§ Supplied material
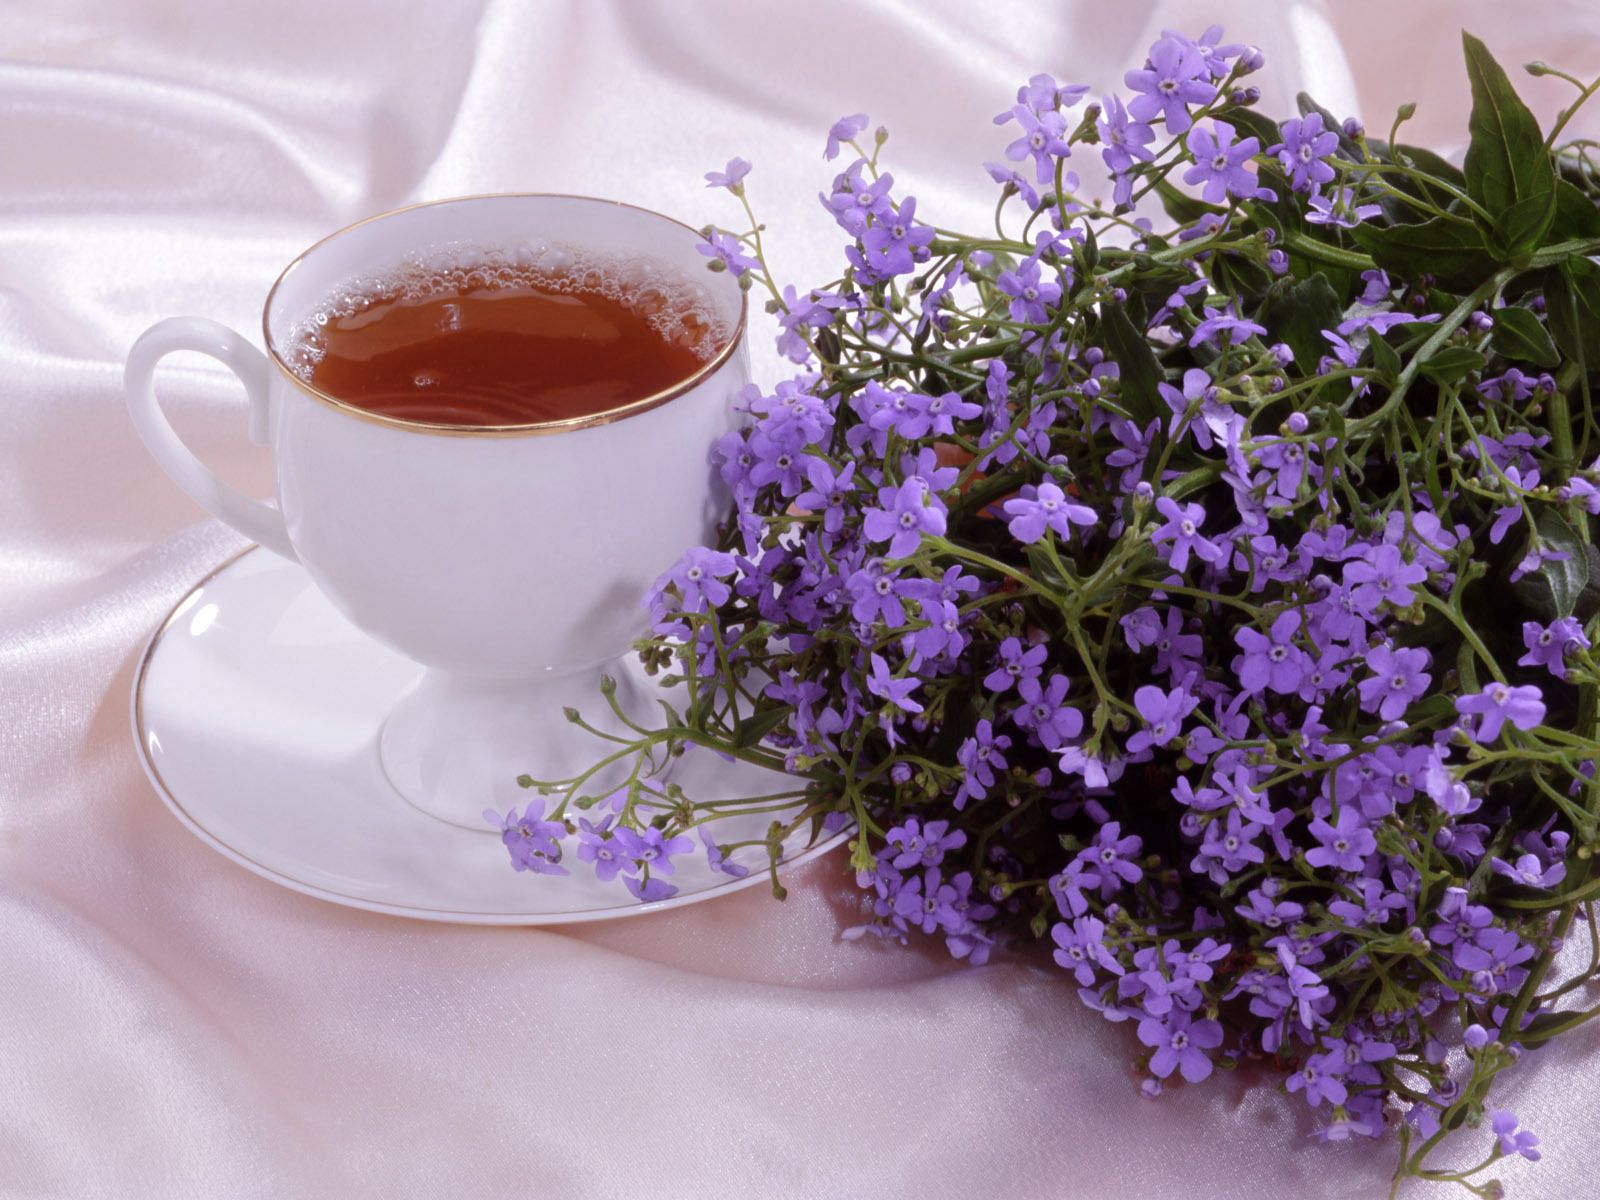 romance, flowers, food, cup, tea
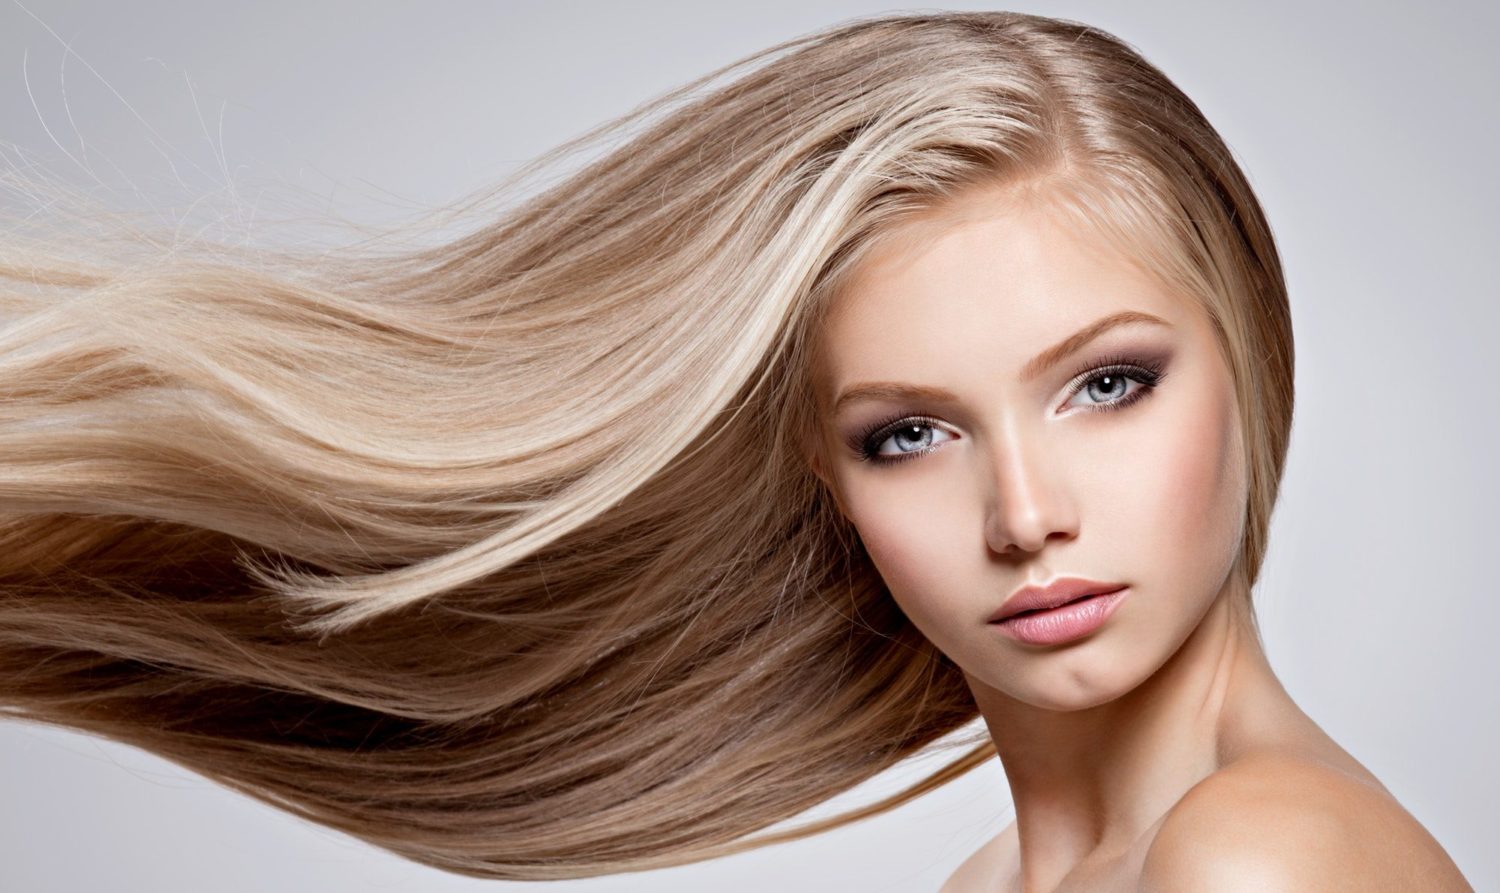 Dầu xả và thuốc nhuộm tóc là combo hoàn hảo cho mái tóc của bạn. Dầu xả sẽ giúp tóc mềm mượt hơn, trong khi thuốc nhuộm sẽ giúp bạn thay đổi màu sắc và làm mới phong cách. Hãy xem hướng dẫn này để biết cách sử dụng đúng cách và có được kết quả tuyệt vời cho mái tóc của mình.
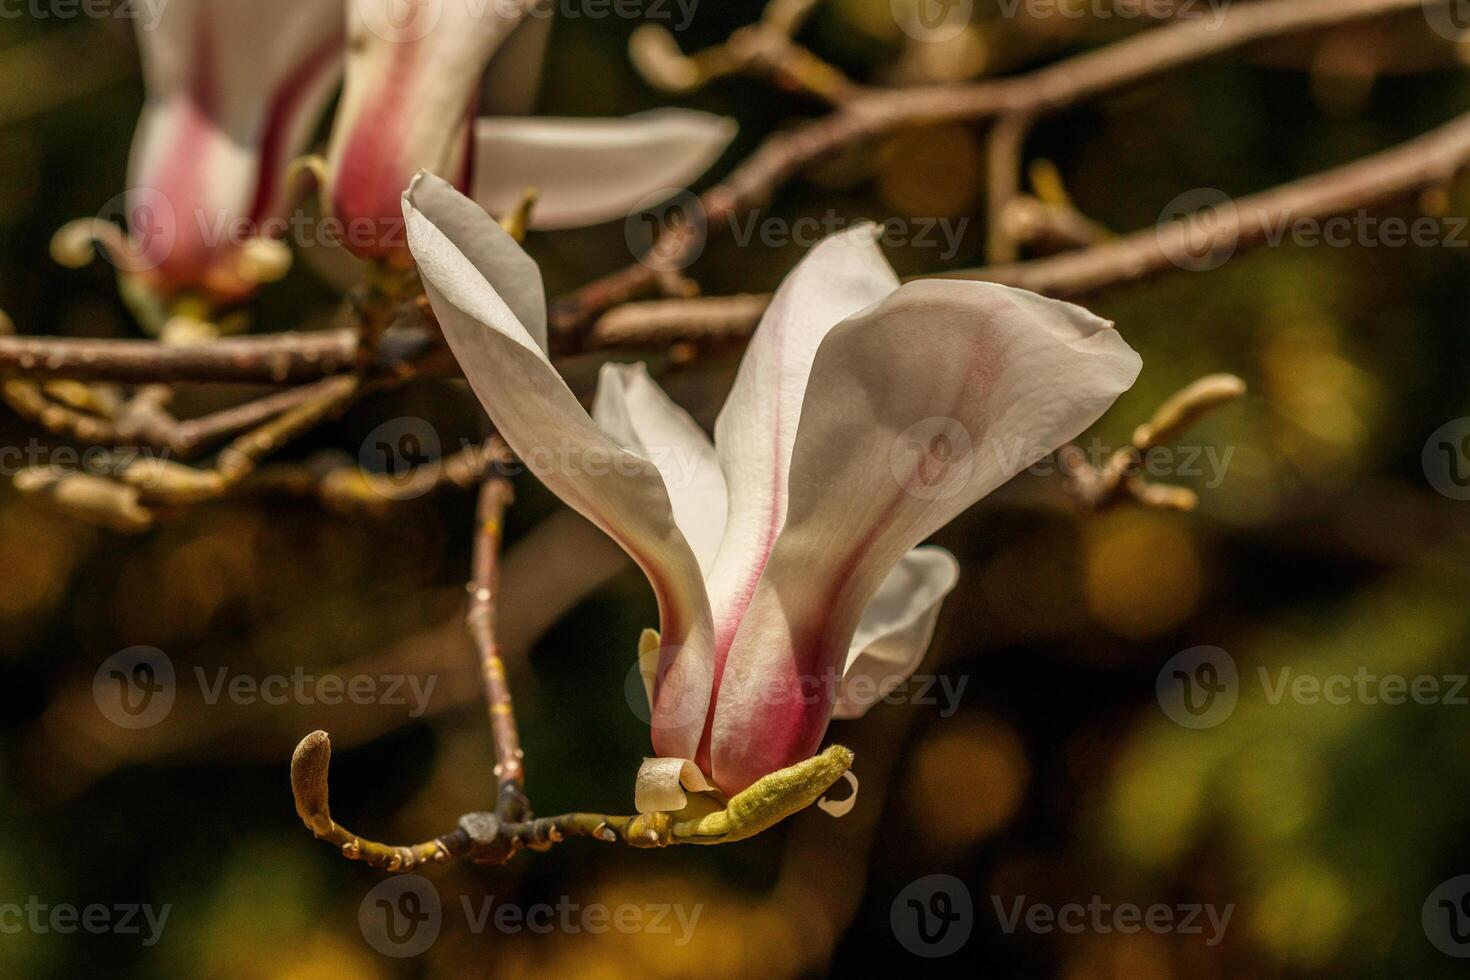 magnifique magnolia fleurs avec l'eau gouttelettes photo

§ Work to complete
Any picture in the material is to be dropped; the rest is repeated exactly.

§ Your solution
 romance, flowers, food, cup, tea
 Dầu xả và thuốc nhuộm tóc là combo hoàn hảo cho mái tóc của bạn. Dầu xả sẽ giúp tóc mềm mượt hơn, trong khi thuốc nhuộm sẽ giúp bạn thay đổi màu sắc và làm mới phong cách. Hãy xem hướng dẫn này để biết cách sử dụng đúng cách và có được kết quả tuyệt vời cho mái tóc của mình.
 magnifique magnolia fleurs avec l'eau gouttelettes photo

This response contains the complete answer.